By Jenny Song
America’s Funny Girl
Gilda Radner’s death 20 years ago raised new awareness of a disease that women still face too frequently today
By Jenny Song
Changes in Drugs and Treatment
After Radner underwent surgery, she had nine rounds of chemotherapy—cisplatin and Cytoxan (cyclophosphamide)—over the course of six months. It was the beginning of a two-and-a-half-year ordeal that included a second-look surgery, more cisplatin, carboplatin (which was not yet approved by the FDA), radiation therapy, blood transfusions, and a combination chemotherapy regimen of 5-FU, methotrexate and Adriamycin (doxorubicin).
In the fall of 1988, when biopsies and a saline wash of her abdomen showed no signs of cancer, Radner was put on a maintenance chemotherapy treatment to prolong her remission. But later that same year, she learned that her cancer had returned after a routine blood test showed her levels of the tumor marker CA-125 had increased. On May 17, 1989, an anxious Radner was sedated before undergoing a CT scan. She never regained consciousness. She died three days later at Cedars-Sinai Hospital in Los Angeles, at age 42.
Twenty years after Radner’s death, many women are still diagnosed with late-stage ovarian cancer. However, says Lele, patients are living longer, thanks to advances in medicine and surgery. Today, the gold standard for late-stage ovarian cancer treatment is surgery by a gynecologic oncologist along with a combination of carboplatin and Taxol (paclitaxel). And with the rise of new therapies that target cancer cells more precisely, better treatments may be on the horizon to prolong survival. “When I started in 1968, the average survival was eight months and now the average is 36 months for stage III disease,” says Piver, who wrote the book Gilda’s Disease with Wilder. “That’s just an average. Some people go five, six years.”

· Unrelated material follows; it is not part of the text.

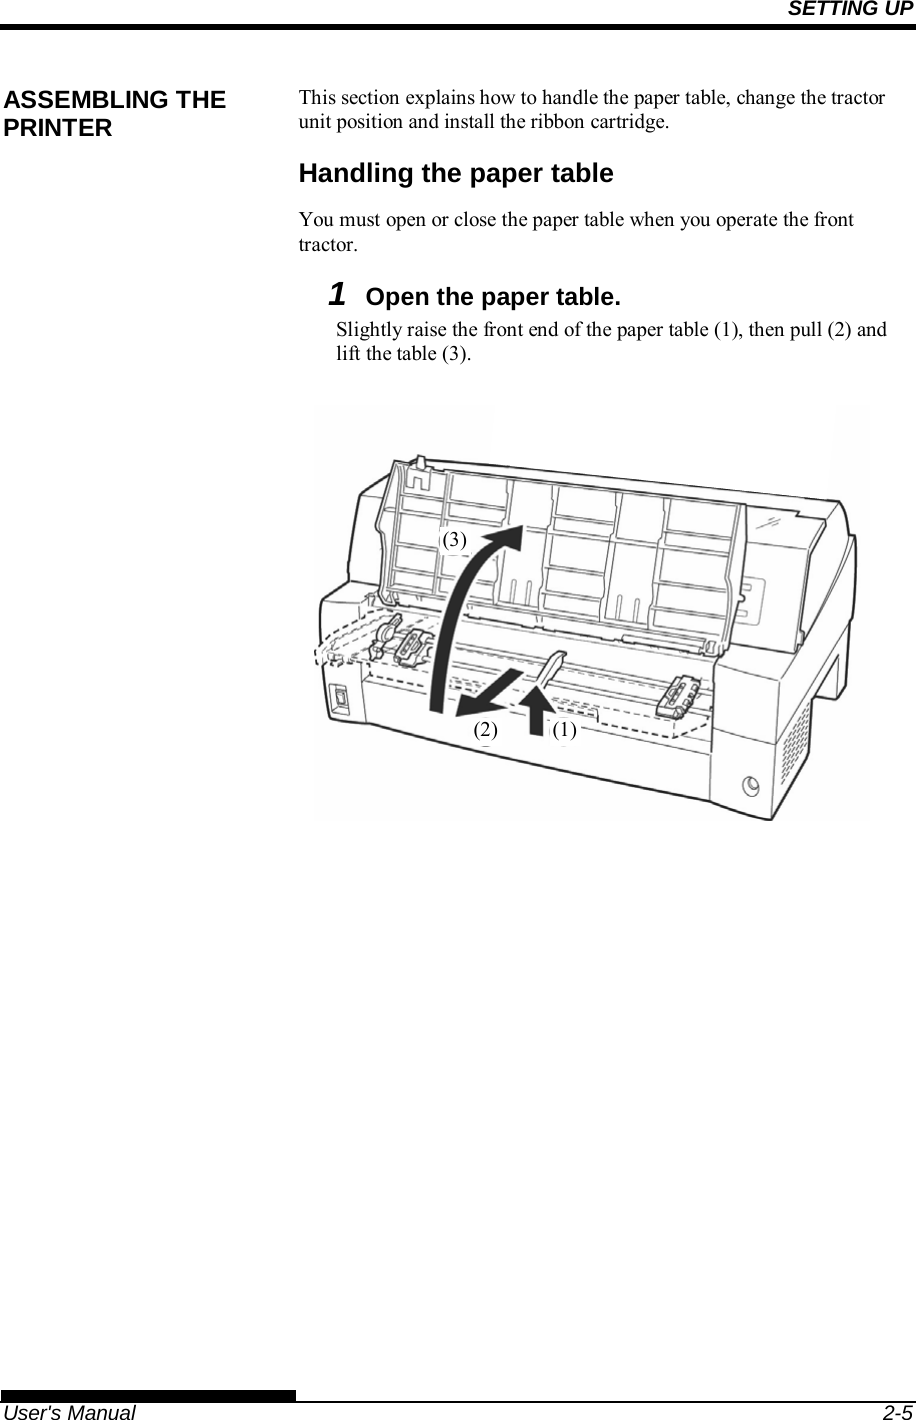 SETTING UP   User&apos;s Manual  2-5 This section explains how to handle the paper table, change the tractor unit position and install the ribbon cartridge. Handling the paper table You must open or close the paper table when you operate the front tractor.  1  Open the paper table. Slightly raise the front end of the paper table (1), then pull (2) and lift the table (3).    ASSEMBLING THE PRINTER (1)(2)(3)

There is currently no screening test for ovarian cancer. Although CA-125 has been used for more than two decades to help physicians diagnose ovarian cancer, the tumor marker is not used to screen asymptomatic women for the disease because elevated levels of the protein are present in many of these women. CA-125 is also often used today to monitor disease activity, but when Radner first became ill, physicians didn’t keep track of tumor activity by watching CA-125.
The tumor marker “wasn’t talked about much back then,” says Piver. “There’s a more liberal use of the tumor marker today than when Radner was alive.” Researchers are currently searching for more helpful protein patterns in the blood, says Lele, which could hopefully be used to detect cancer while it’s still in the ovary.
Although a screening test for ovarian cancer is still lacking, researchers have learned more about ways to prevent the disease since Radner’s death, says Goff. “We’ve learned that 10 percent to 15 percent of ovarian cancer cases are hereditary, linked with BRCA1 and BRCA2 genes,” she says. “Removing the ovaries of women who have a hereditary link to the disease can prevent them from developing ovarian cancer.”
Radner herself clearly had a family history of cancer. Her aunt and a first cousin had ovarian cancer. Her mother was diagnosed with breast cancer in her early 60s. There’s a possibility that Radner’s grandmother died of ovarian cancer, although the death certificate says stomach cancer, says Radner’s brother.